Aim of the exercise » What is needed is an exact copy of the whole listing below, with no pictures.

Dataset section »
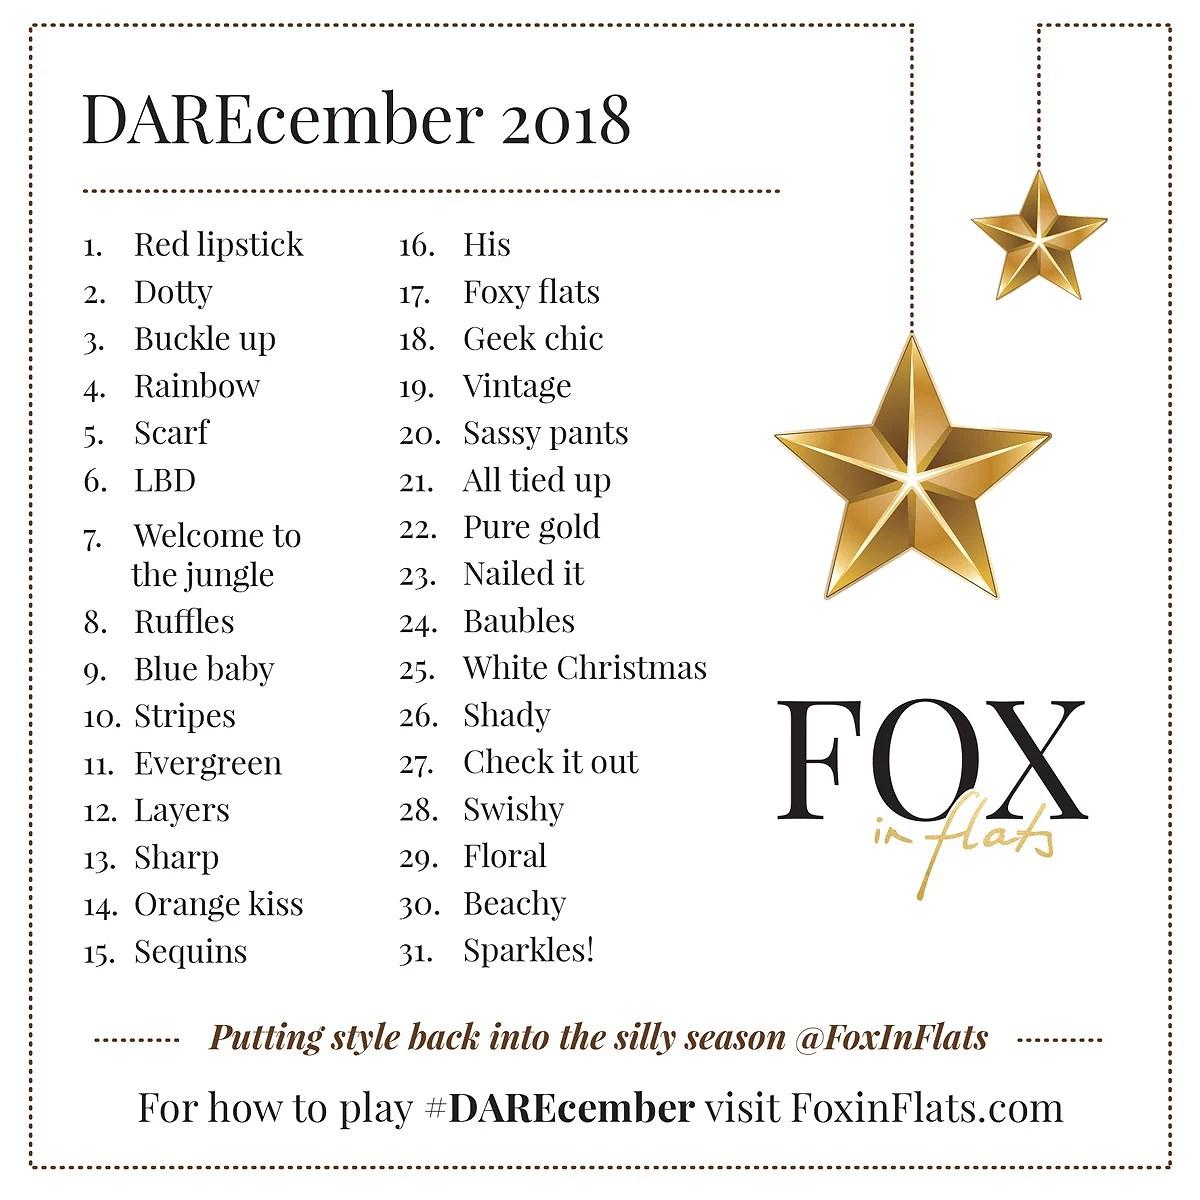 DAREcember 2018
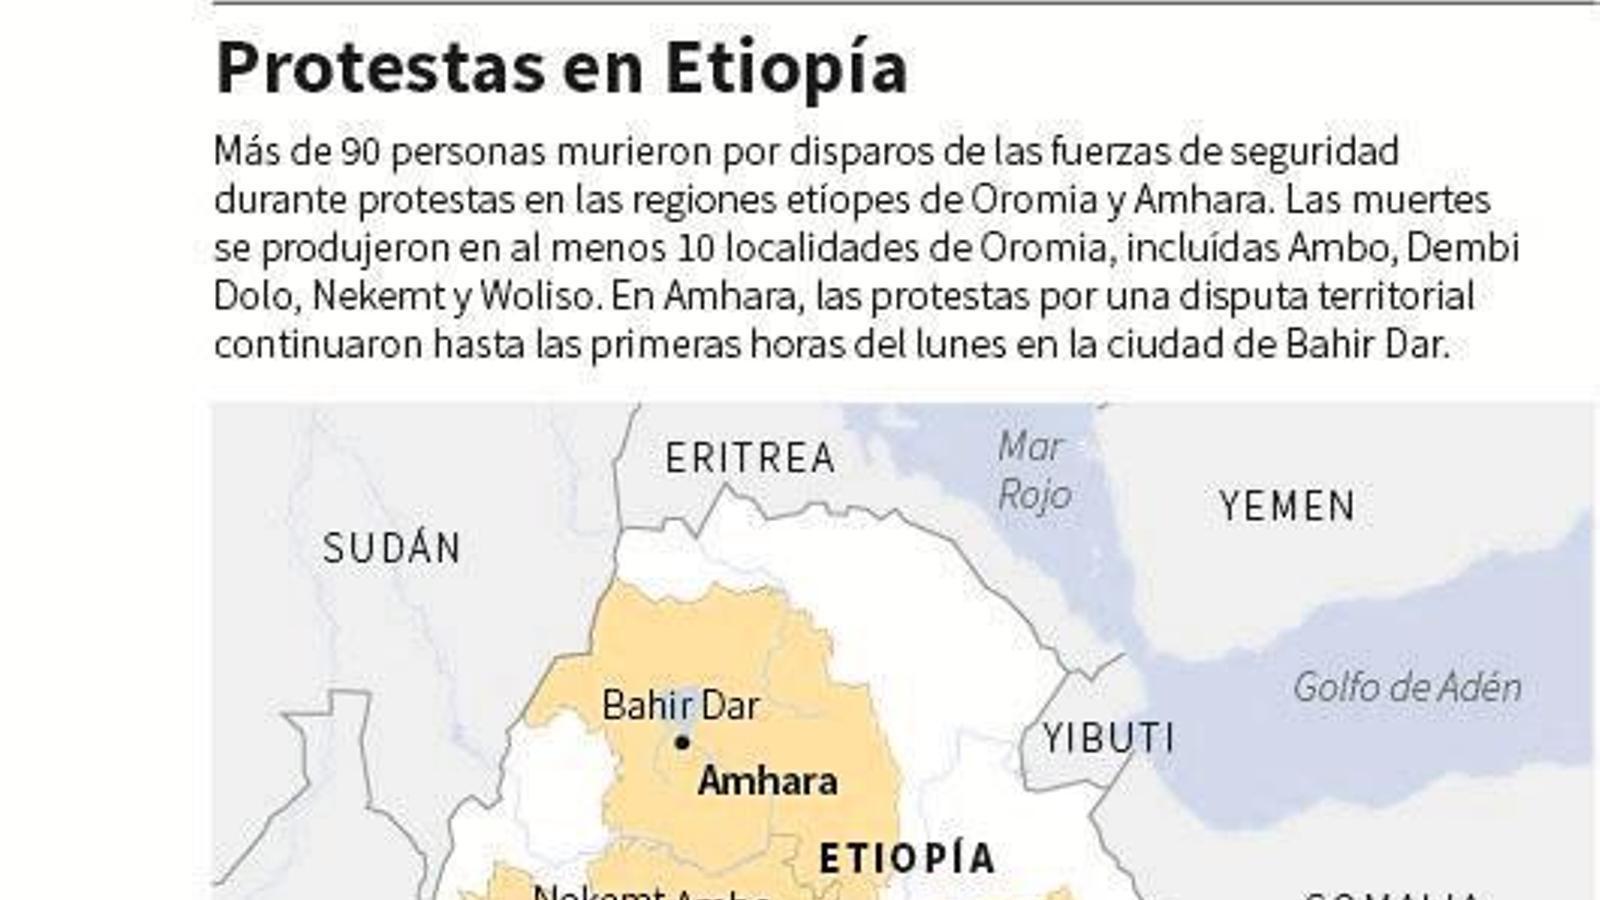 El mapa de les protestes a Etiòpia. / REUTERS
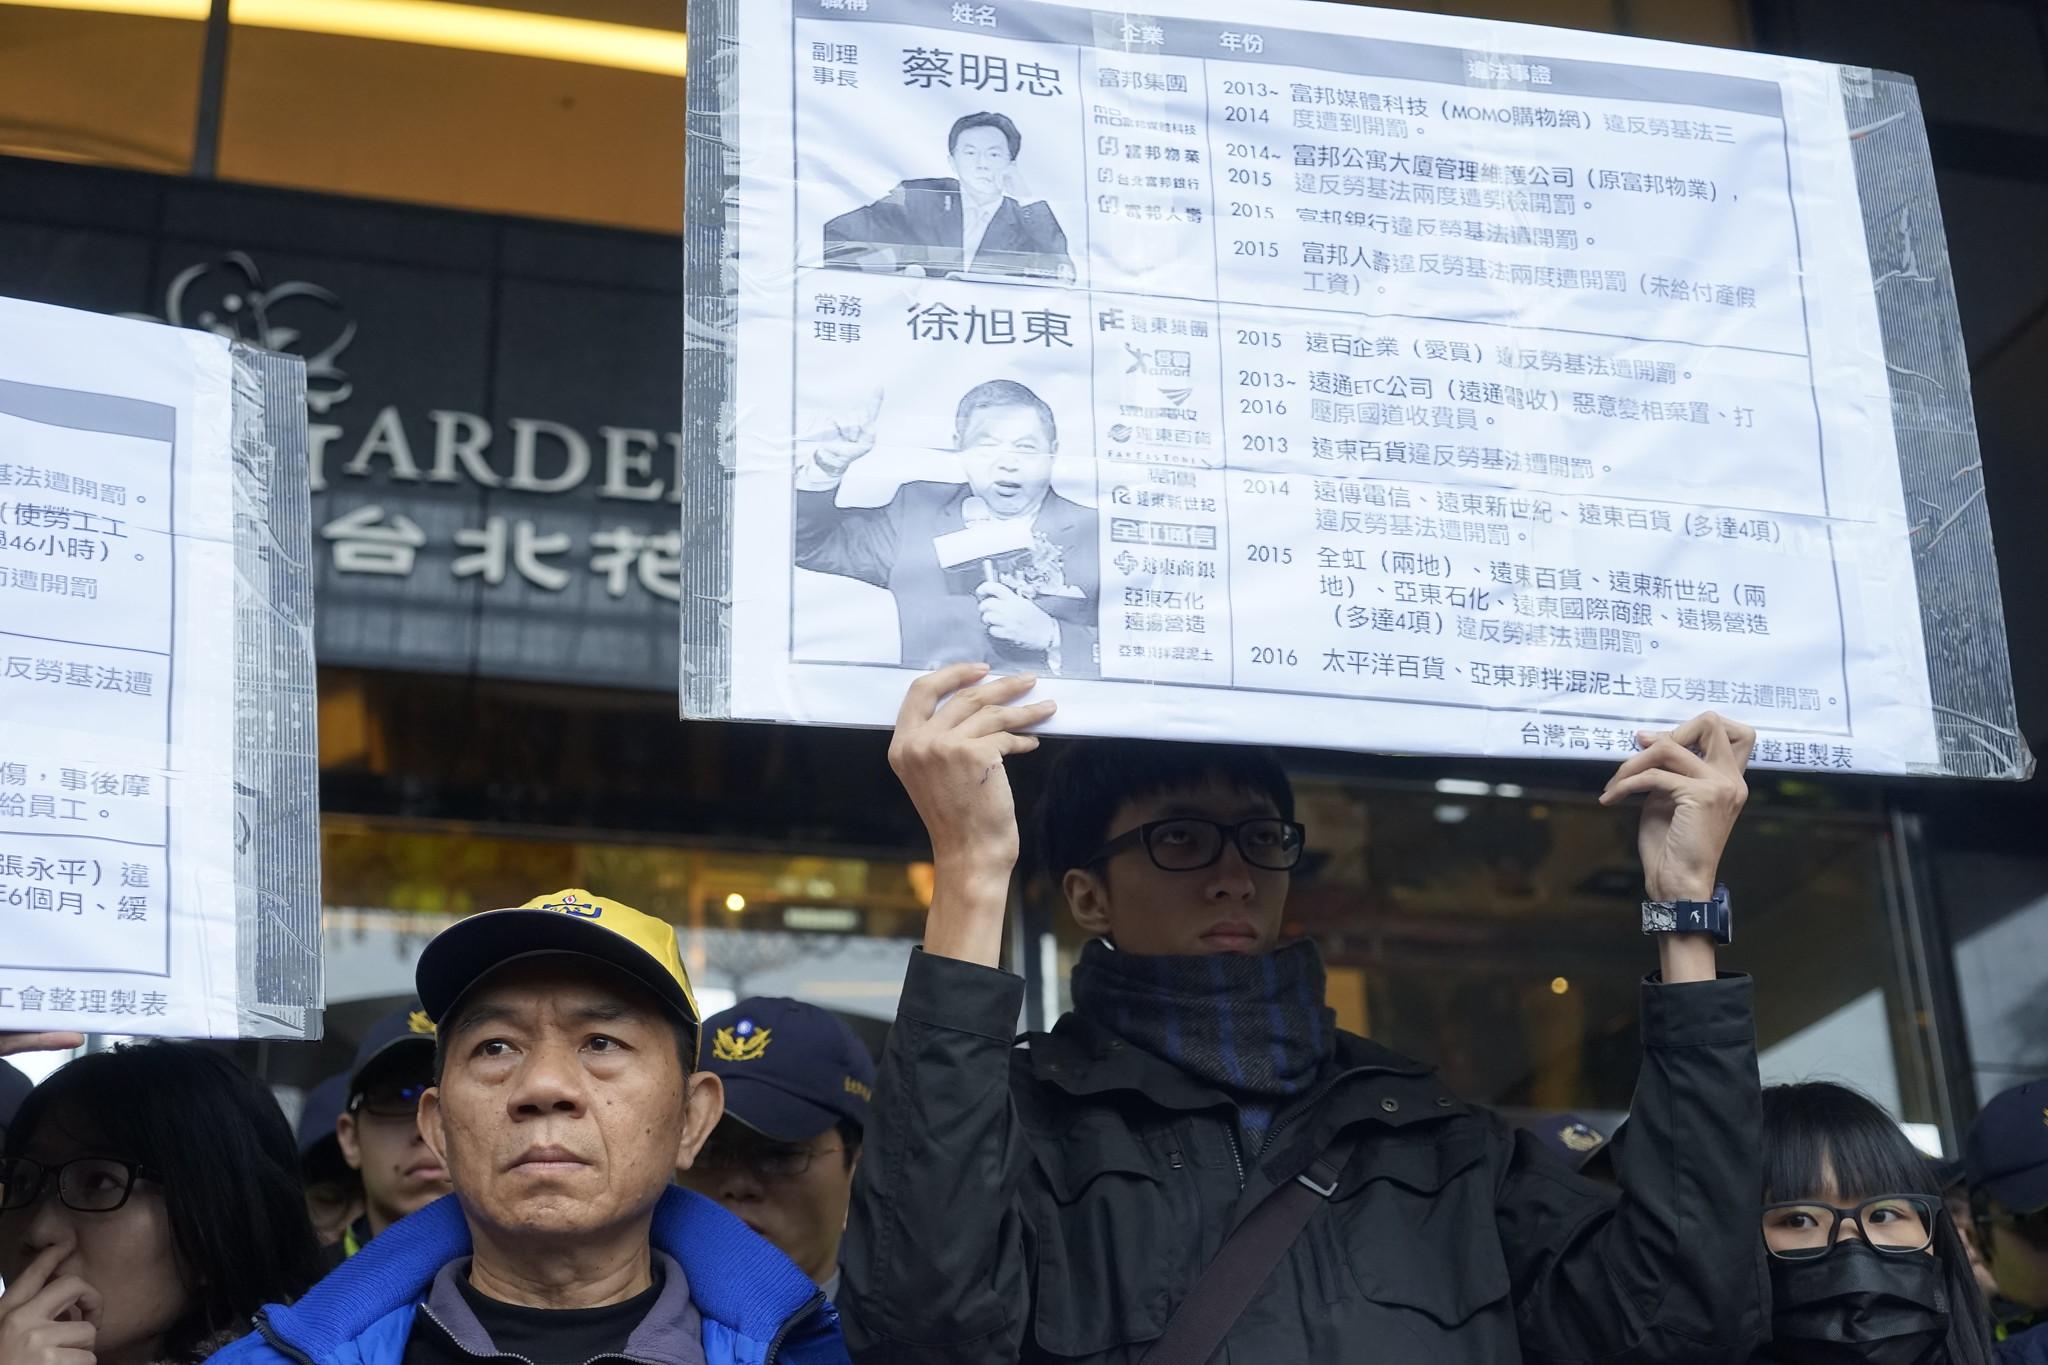 勞團再次點名工商協進會理事,如蔡明忠、徐旭東等人,都是違反勞基法的慣犯。(攝影:張宗坤)

Reply »
 DAREcember 2018
 El mapa de les protestes a Etiòpia. / REUTERS
 勞團再次點名工商協進會理事,如蔡明忠、徐旭東等人,都是違反勞基法的慣犯。(攝影:張宗坤)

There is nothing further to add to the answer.